"No, dear. I am just as dissatisfied with the relationship you propose as I was three years ago, and it must be either cousin or" and she stopped.
She was standing up beside him, now.
"Or wife," he said, taking up her hand. "Is it possible you mean wife?"
Her face was a sufficient answer, and he drew her down to him.
"You silly boy!" she said, five minutes afterwards. "Of course, I thought of it all along. I never made any secret of it to your father. I told him that our escape was like a fairy tale, and that it must have the same ending: 'and they married, and lived happy ever after.' He would never have let me have my way with the house, had I not confided in him. He said that I could spend my money as I pleased, on myself, but that not one penny should be laid out on his house; and I was obliged to tell him.
"I am afraid I blushed furiously, as I did so, but I had to say:
"'Don't you see, Uncle?'of course, I always called him uncle, from the first, though he is only a cousin'I have quite made up my mind that it will be my house, some day; and the money may just as well be laid out on it now, to make it comfortable; instead of waiting till that time comes.'"
"What did my father say?"
"Oh, he said all sorts of nonsense, just the sort of thing that you Irishmen always do say! That he had hoped, perhaps, it might be so, from
the moment he got your letter; and that the moment he saw me he felt sure that it would be so, for it must be, if you had any eyes in your head."

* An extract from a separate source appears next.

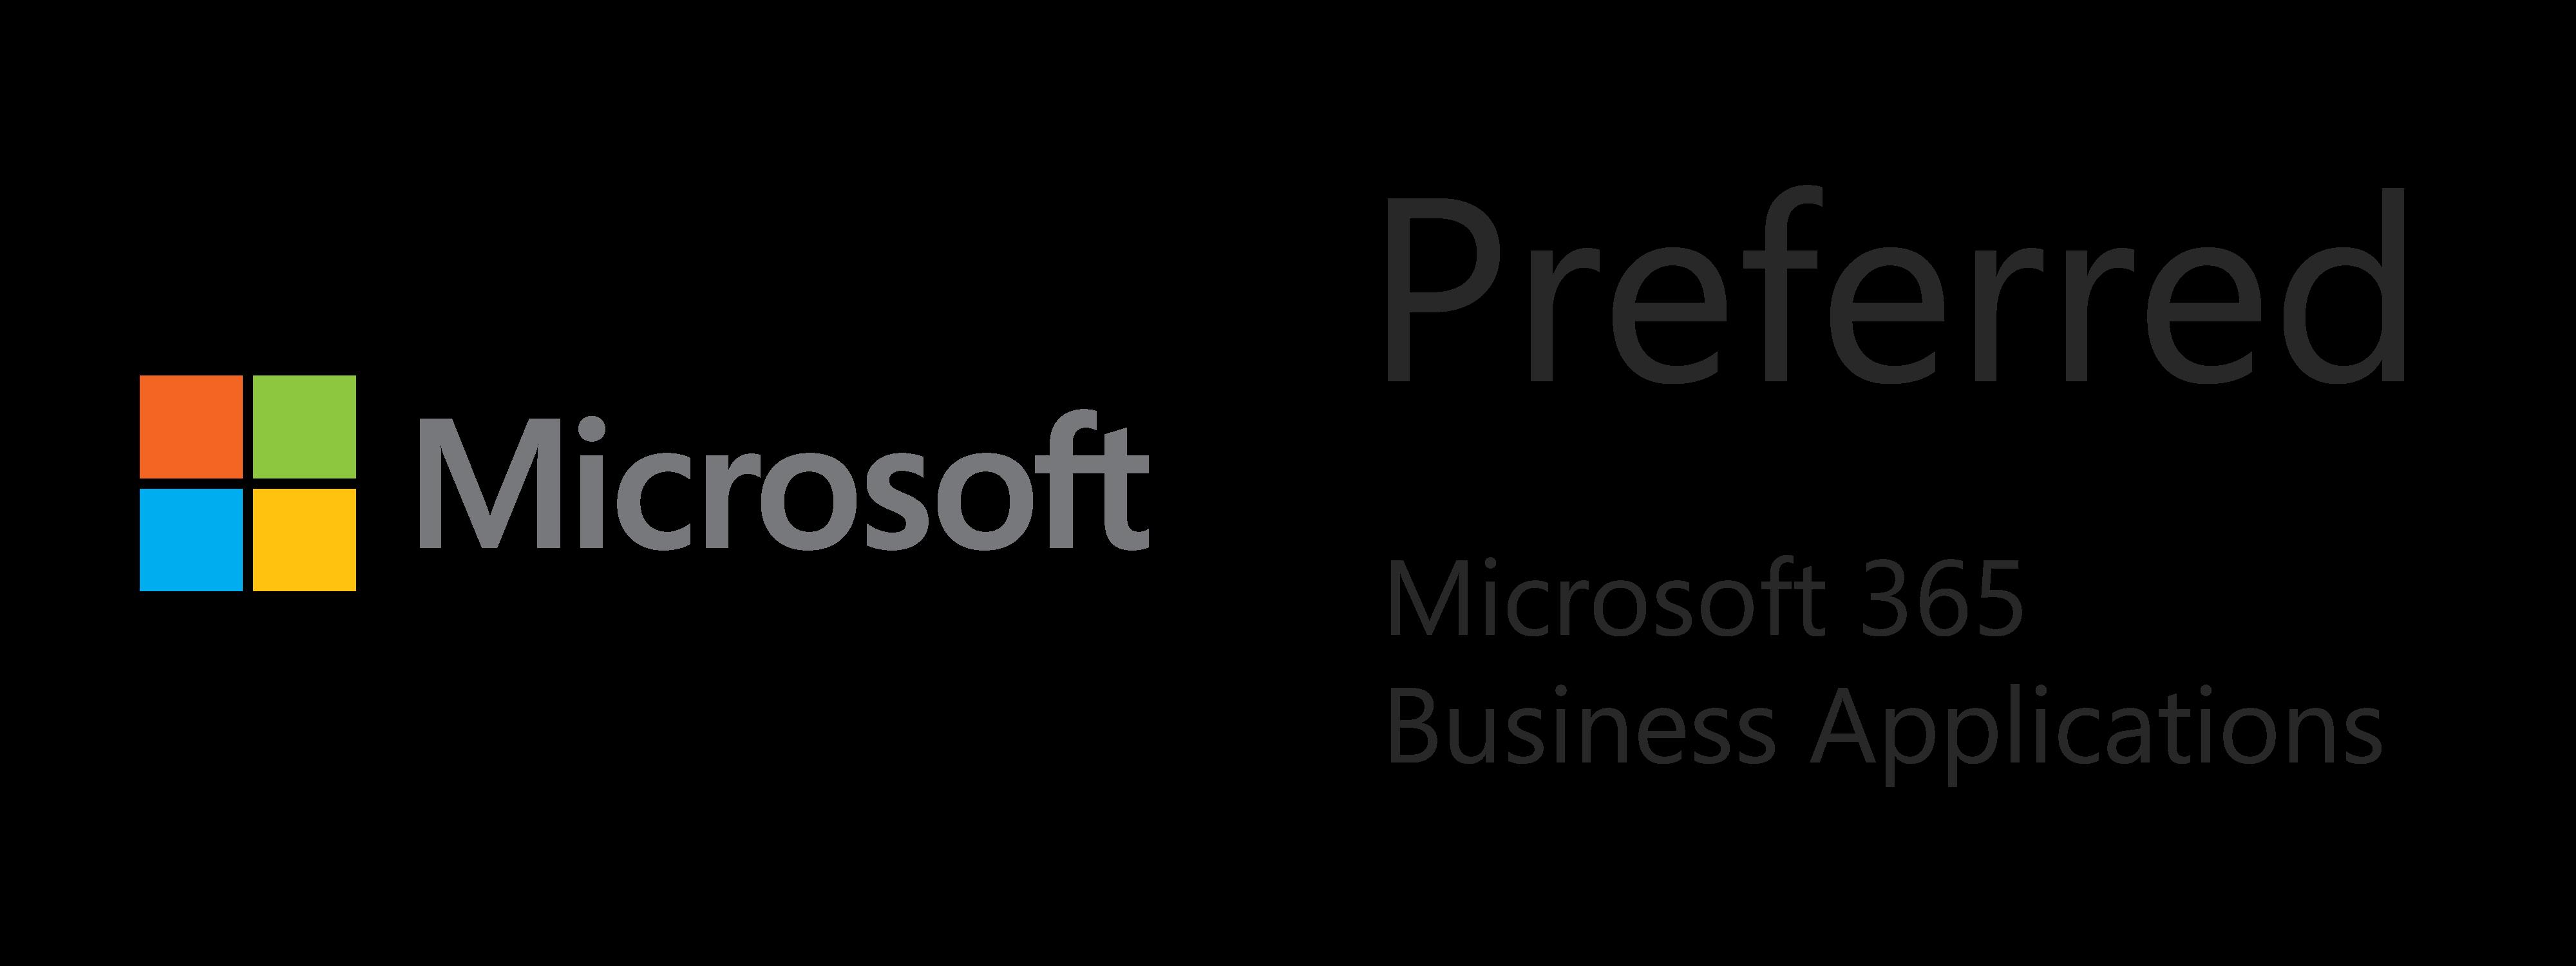 Microsoft Preferred Business Applications - Microsoft Gold Partner

When Major O'Connor came home he was greatly pleased, but he took the news as a matter of course.
"Faith," he said, "I would have disinherited the boy, if he had been such a fool as not to appreciate you, Mary."
O'Grady was loud in his congratulations.
"It is just like your luck, Terence," he said. "Luck is everything. Here am I, a battered hero, who has lost an arm and a foot in the service of me country, and divil a girl has thrown herself upon me neck. Here are you, a mere gossoon, fifteen years my junior in the service, mentioned a score of times in despatches, promoted over my head; and now you have won one of the prettiest creatures in Ireland and, what is a good deal more to the point, though you may not think of it at present, with a handsome fortune of her own. In faith, there is no understanding the ways of Providence."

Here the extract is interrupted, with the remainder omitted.